- Developer: Anegar Games
- Publisher: Anegar Games
- Platform: Windows
- Release: June 19, 2024
- Genre: 3D platformer
- Modes: Single-player, multiplayer

= Chained Together =

2024 video game

Chained Together is a 2024 3D platformer game developed and published by Anegar Games. Connected by a chain, players must cooperate to escape hell. Released on June 19, 2024, the game has garnered a positive reception for its gameplay.

== Gameplay ==
In Chained Together, up to four players are connected by a chain and must reach the top of the map to escape hell. Throughout the game, players can find ten power-ups called Wings that allow them to recover from falling. Players may choose a hard mode, where lava constantly rises, or an easy mode, where there are checkpoints. A single-player mode is available. The game was released on June 19, gaining 80,000 players within its first week of release.

== Reception ==
Cass Marshall of Polygon compared the game to QWOP, Getting Over It, and Only Up!, adding that the multiplayer element built teamwork. GamesRadars Kaan Serin commented that the chains made the game "stand apart". Brendan Caldwell, Edwin Evans-Thirlwell, and Nic Reuben of Rock Paper Shotgun praised the challenge of keeping a strong team.

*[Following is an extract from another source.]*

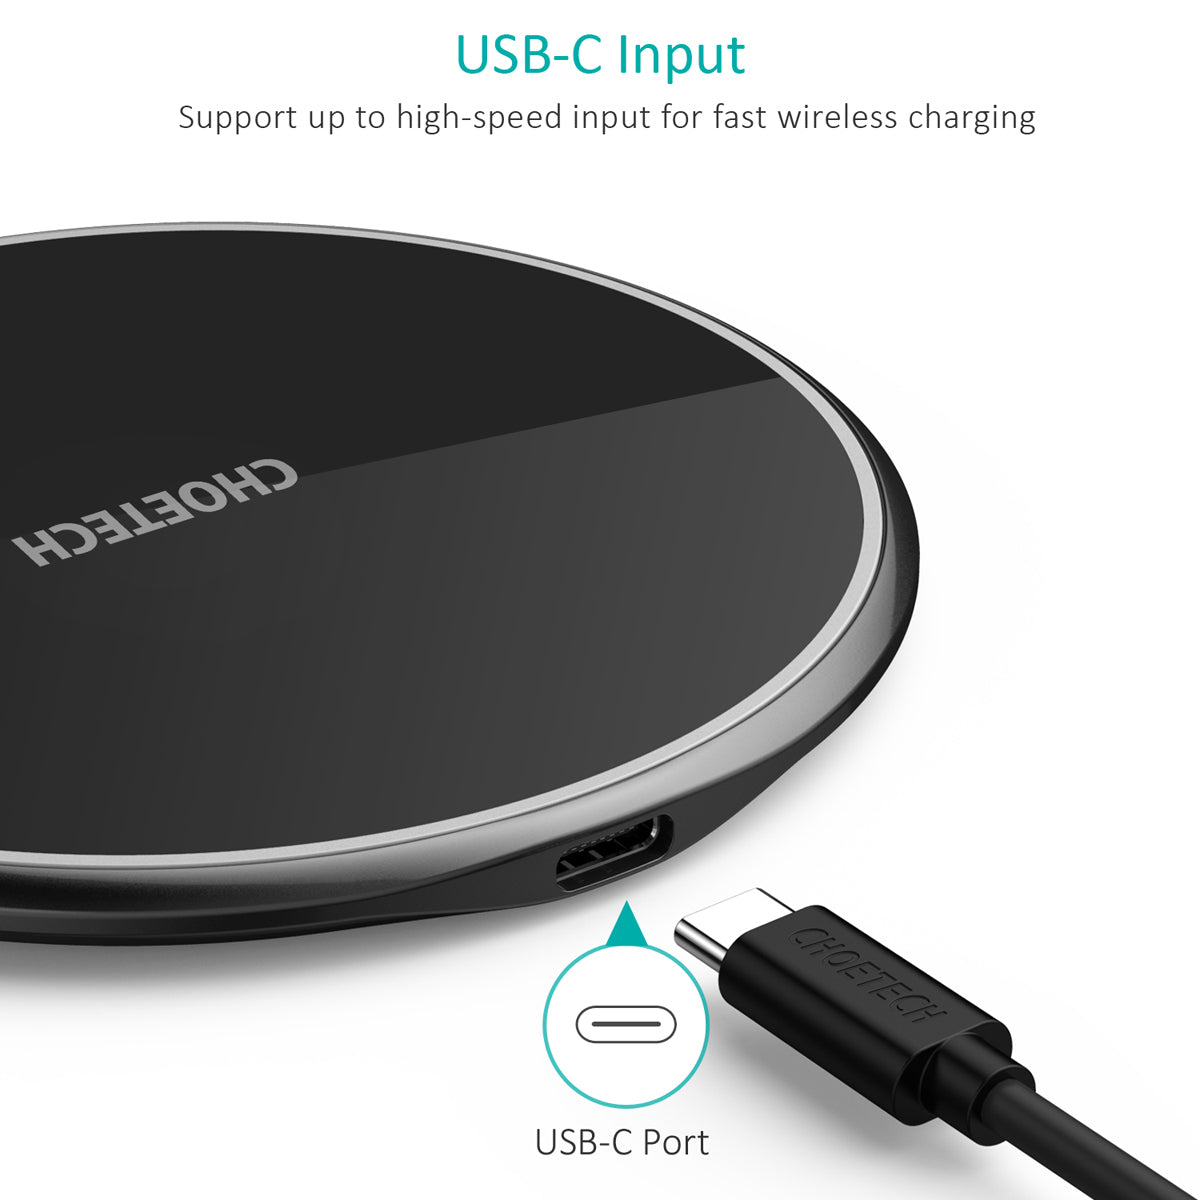 T559-F CHOETECH USB-C 15W Wireless Charger, Zinc Alloy Glass Wireless Charging Pad with Adapter Compatible LG V30/V35/G8,iPhone 11/11 Pro Max/Xs Max/XR/X,Galaxy Note 10/S20/S20+,AirPods Pro,Pixel 3/4XL

=== Awards and nominations ===

| Year | Ceremony | Category | Result | Ref. |
|---|---|---|---|---|
| 2024 | Golden Joystick Awards | Streamers' Choice Award | Won |  |
| 2024 | The Streamer Awards | Stream Game of the Year | Won |  |

== Film adaptation ==
In November 2025, Anton Studios was reported to be developing a film adaptation of the video game, with Cory Todd Hughes and Adrian Speckert writing.